In July 2012, Hall enrolled the children in Medi-Care Managed Care, a state
healthcare program operated by California.   Hall was unable to pay the rent at the Chula Vista apartment and was evicted by order of a California court in early August 2012. Shortly thereafter, Hall started making plans to return with the children
to Illinois, where Hall had a substantial support network of family.   Hall informed Solano, who said that "she was okay with it" and that she just wanted to see the children before they left.   Hall believed at the time that Solano would attempt to cross into the United States, legally or illegally, and meet up with Hall and the children in Illinois.    Hall and the children left the San Diego -Tijuana area in late August 2012
and  lived in Waukegan, Illinois, ever since.  

The district court noted that unlike the situation in most Hague Convention cases, the children moved fluidly and regularly (at times daily) between  United States and Mexico, with the consent of both parents.   This made it difficult to determine whether Hall removed the children from  Mexico or retained them in the United States when he took them from the San Diego -Tijuana area to Illinois.   In addition the parties' briefs recognized no distinction between the habitual residence analysis in retention versus removal cases. The court held that the parties  therefore waived any argument that this case involved retention as opposed to removal (or vice versa) or that the habitual residence analysis differed in any material respect between those two scenarios. The district court noted that the parties agreed that Solano could prevail only if she showed that Mexico was the children's  habitual residence in late August 2012, when the alleged wrongful removal/retention occurred.   "The determination of 'habitual residence' is to be made on the basis of the everyday meaning of these words rather than the legal meaning that a particular jurisdiction attaches to them ...."   Kijowska, 463 F.3d at 586.    "The determination of habitual residence under the Hague Convention is a practical, flexible, factual  inquiry that accounts for all available relevant evidence and considers the individual circumstances of each case."   Redmond, 724 F.3d at 732. "Determining a child's habitual residence ... requires an assessment of the observable facts on the ground, not an inquiry into the child's or the parent's legal status in a particular place."  The district court pointed out that the Seventh Circuit had loosely adopted the framework set forth in  Mozes v. Mozes, 239 F.3d 1067 (9th Cir. 2001), for determining habitual residence. "In the case of  young children, the [Mozes] court found it most prudent to focus on the intent of the parents rather than the intent of the child in determining the child's habitual residence."   Koch, 450 F.3d at 713.   The district court must "determine  whether the parents intended to abandon their previous habitual residence, judging that intent at the last time the parents had a shared intent."    As  the Seventh Circuit made clear, the district court also must consider, in addition to the  parents' last shared intent, "the child's acclimatization" to one country or another.   Redmond, 724 F.3d at 746.

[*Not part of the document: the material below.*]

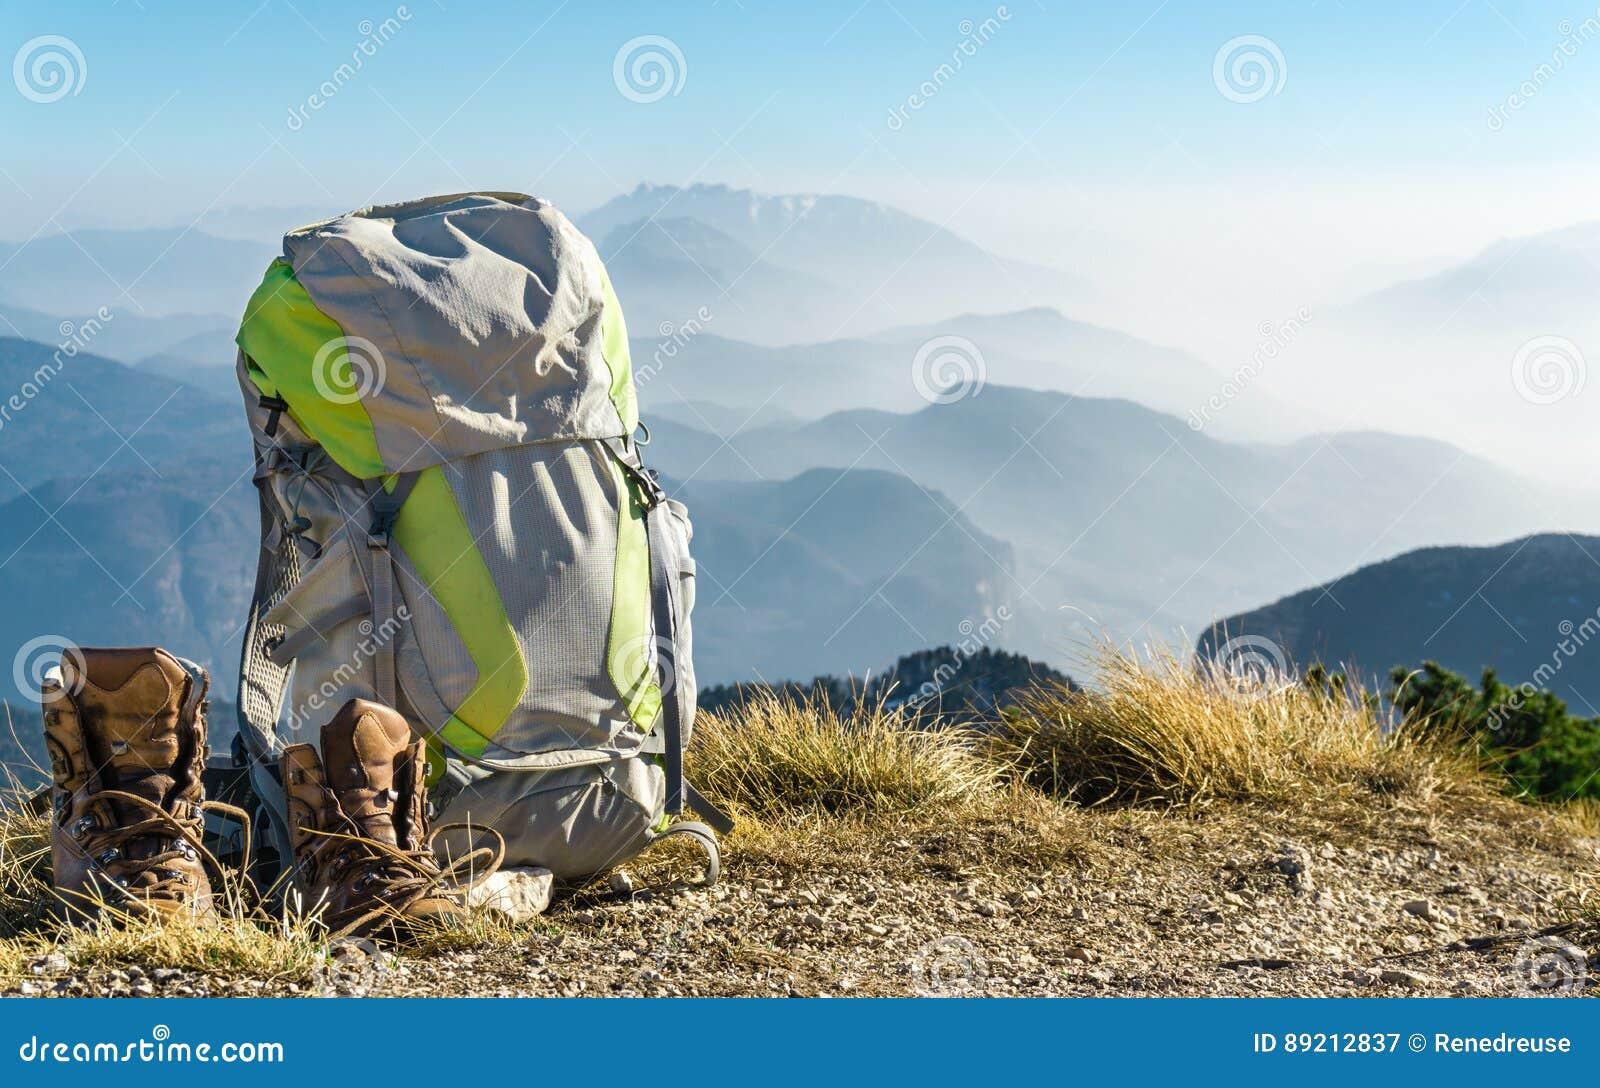 7fda73c6c5 πεζοπορία εξοπλισμού Σακίδιο πλάτης και μπότες πάνω από το βουνό ...

        It was undisputed that until Solano, Hall, and the children left Illinois in  October 2010, the children's habitual residence was the United States.   The question was wether their habitual residence changed to Mexico at any point between October 2010 and late August 2012.   The court held that answer to that question was "no".  Hall never intended that his children would reside indefinitely in Mexico.  Hall allowed the children to leave Illinois in October 2010, and he agreed during the trip to the West Coast that the children would go to Mexico.   But the circumstances of the group's departure from Illinois were extenuating, prompted by threats from Hacha that were sufficiently dire and  credible to compel the family to pick up and leave Illinois on such short notice.   It was always Hall's intention that the children would return with him to the United States, albeit in southern California rather than Illinois, so that the children (and possibly Hall) could remain close to Solano, who could not legally cross the border into the United States.  These conclusions were proven by, among other things, the fact that Hall asked the United States Embassy in Mexico City in November 2010, shortly after the group's arrival in Mexico, for help in getting the children back to the United States;  Hall's extraordinary efforts to have the children live with him in California, even if it meant living in a parking lot for homeless families or a YMCA  shelter;  Hall's seeking legal assistance in an effort to obtain legal status for Solano in the United States;  and Hall's enrolling the children in daycare, school, and the state medical assistance  program in California.  This showed that Hall never intended for the children to relocate indefinitely from the United States to Mexico.   This was significant because precedent required the court "to determine whether the parents intended to abandon their previous habitual residence, judging that intent at the last time the parents had a shared intent."   Koch, 450 F.3d at 709.   Thus, even if Solano had intended for the children to reside indefinitely in Mexico, that intent was not shared with Hall, which meant that their last shared  intent was for the children to reside indefinitely in the United States, which in turn favored the  conclusion that their habitual residence was the United States.  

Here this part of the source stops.